The term kernel is used by NVidia to describe functions that run on GPUs that they manufacture, as opposed to functions that run on the computer's CPU. Is this the type of kernel that you're asking about?
 
Sadly, I have never constructed such a kernel. However, I did find this article that alludes to how it might be done. The article creates a kernel that detects vertical lines in the image. Looking at the kernel you can see two columns of ones.

What if your kernel matrix say 9x9 (odd sized kernel) had a circle of ones? Maybe after convolution your resultant image will show a highlighted circle of the same radius. It seems though from the article that it is much trickier than that to design an effective kernel and it maybe be something that you need to experiment with.

https://programmathically.com/understanding-convolutional-filters-and-convolutional-kernels/
 
This is it :

_kernel = new double[5, 5] { { 16, 0, 0, 0,16 },
{ 0, 8, 0, 8, 0 },
{ 0, 0, 1, 0, 0 },
{ 0, 8, 0, 8, 0 },
{ 16, 0, 0, 0, 16 }};
 
but it is not working
 
btb4198 said:
This is it :

_kernel = new double[5, 5] { { 16, 0, 0, 0,16 },
{ 0, 8, 0, 8, 0 },
{ 0, 0, 1, 0, 0 },
{ 0, 8, 0, 8, 0 },
{ 16, 0, 0, 0, 16 }};
I think that kernel would match the letter "X", not a circle.
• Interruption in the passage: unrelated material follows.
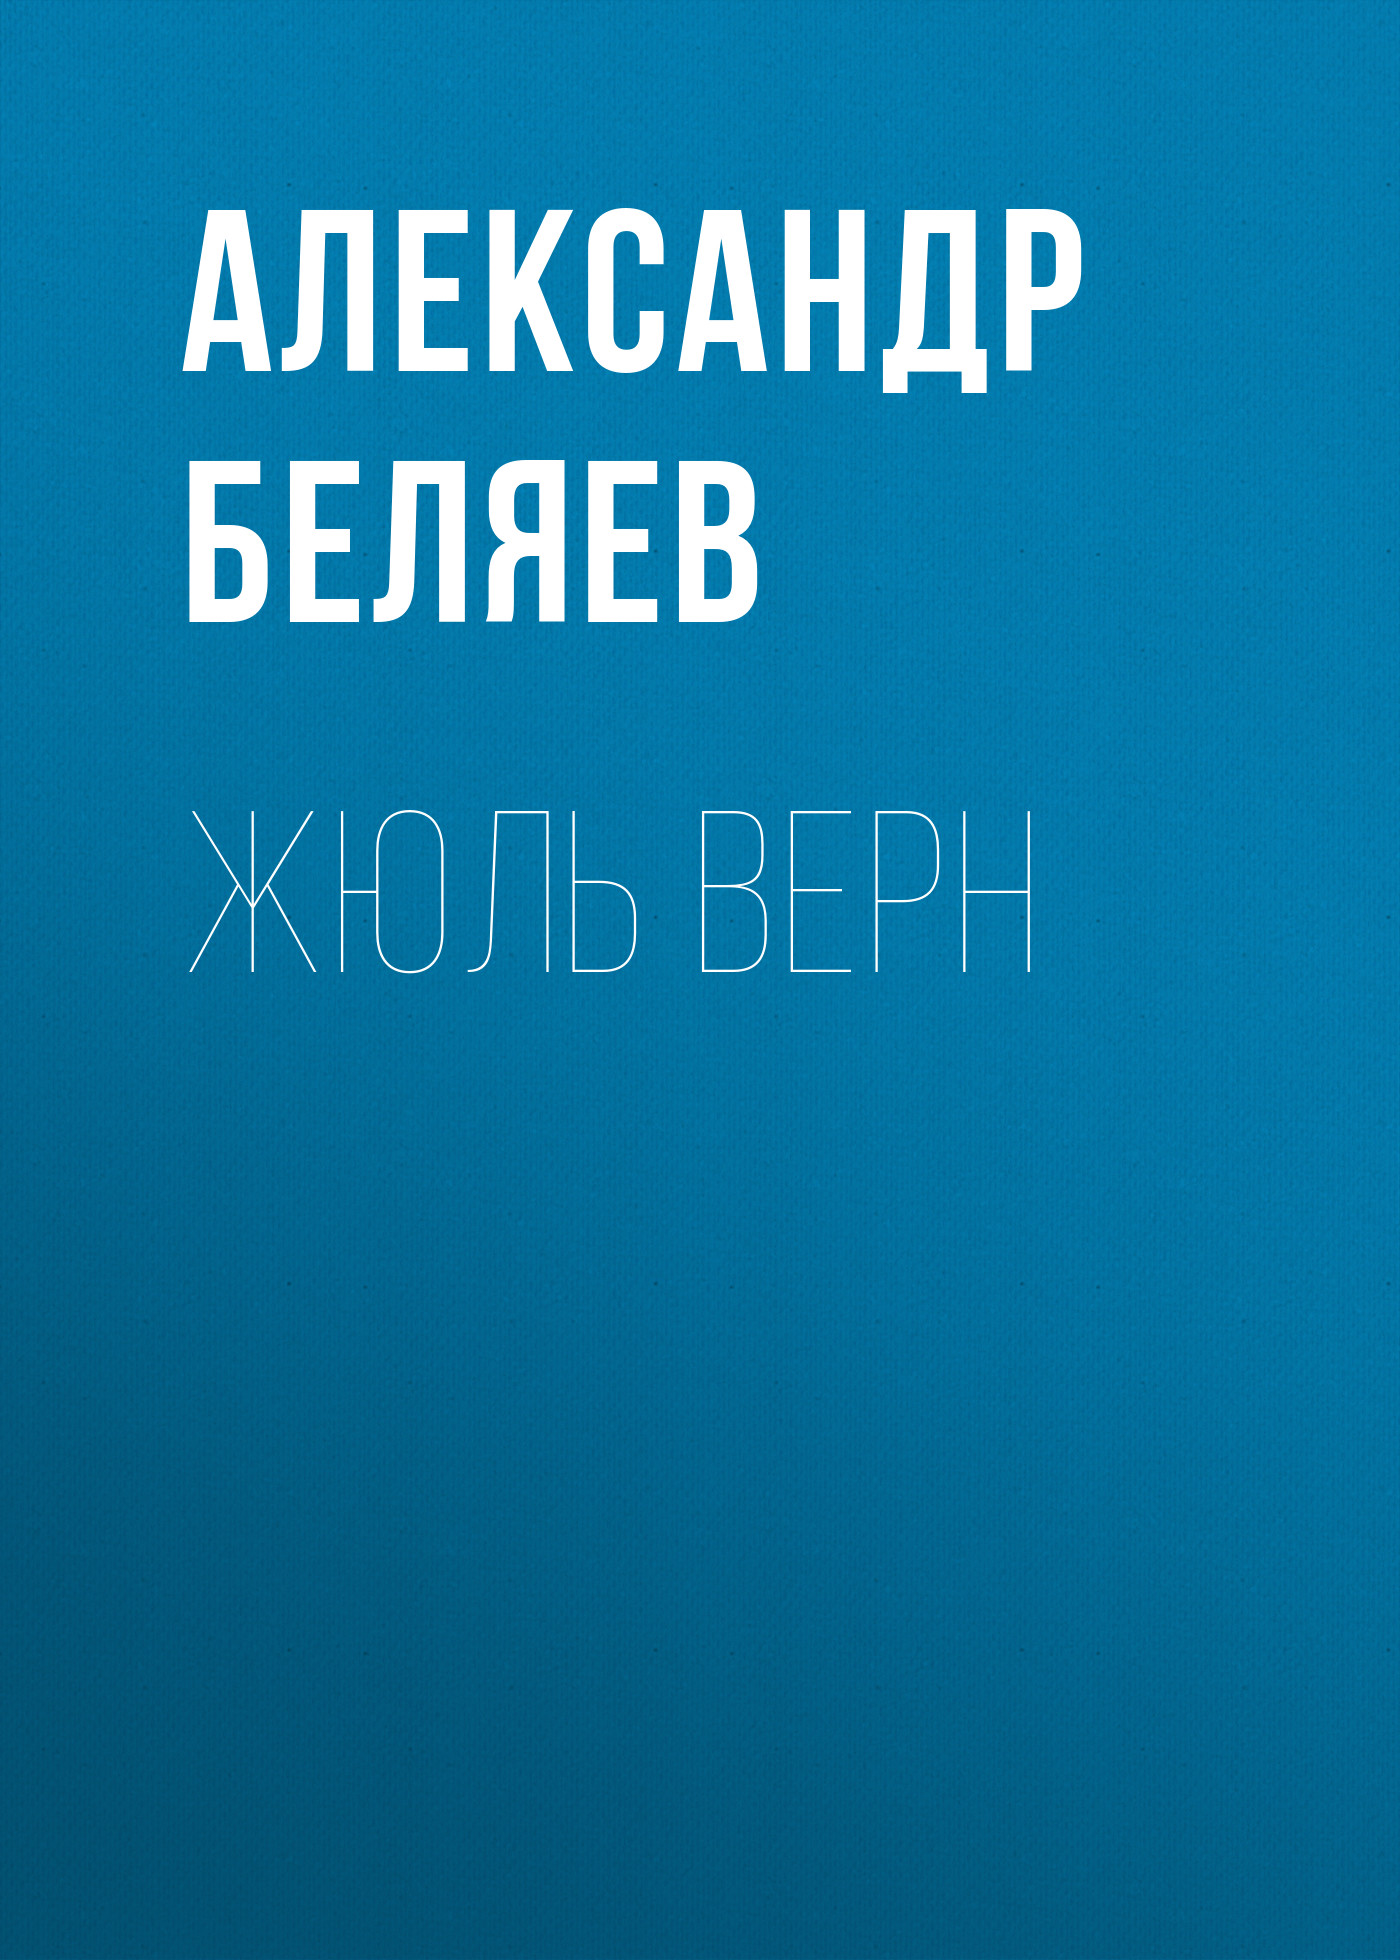 Книга Жюль Верн из серии , созданная Александр Беляев, может относится к жанру Критика. Стоимость электронной книги Жюль Верн с идентификатором 24920950 составляет 5.99 руб.
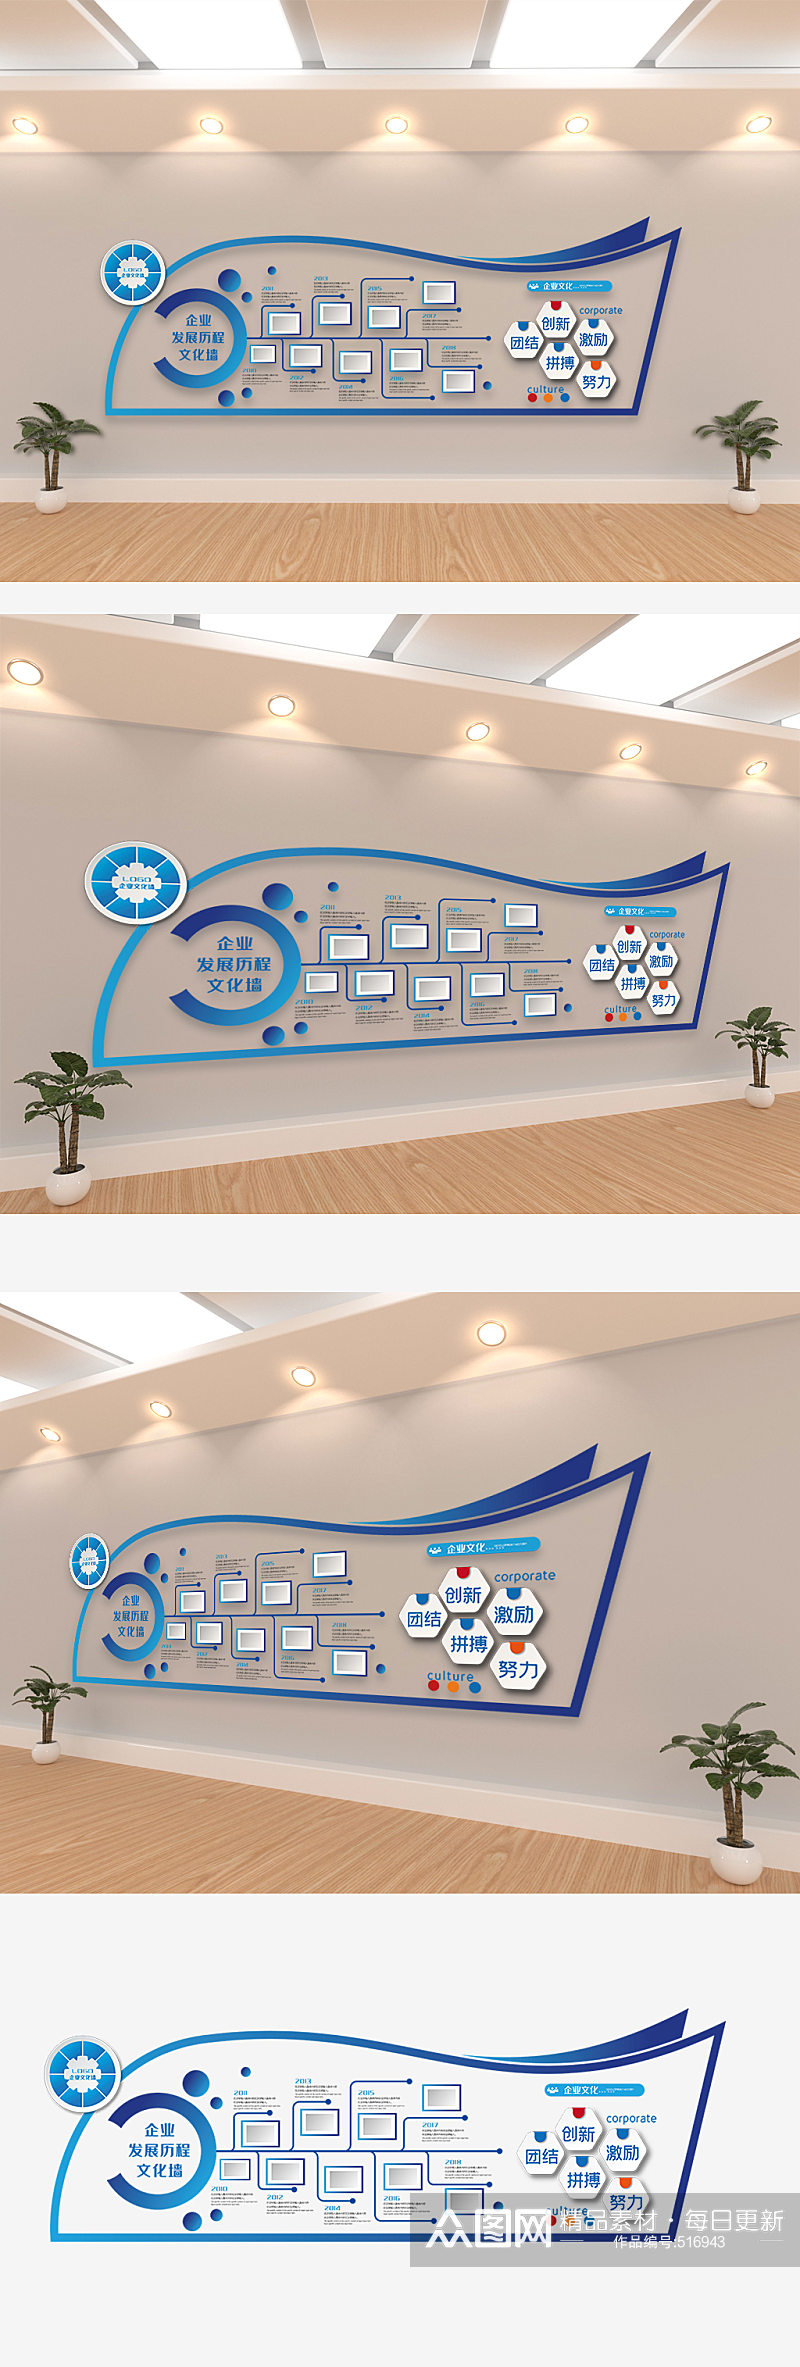 高端蓝色企业办公室宣传文化墙效果设计图素材

Here is what Wikipedia has to say about a convolution kernel:
( https://en.wikipedia.org/wiki/Kernel_(image_processing) )
Convolution is the process of adding each element of the image to its local neighbors, weighted by the kernel.

A circle Hough Transform (CHT) is one possibility. Try this Google search:
https://www.google.com/search?&q=image+recognition+of+circle

You project sounds like a significant coding effort!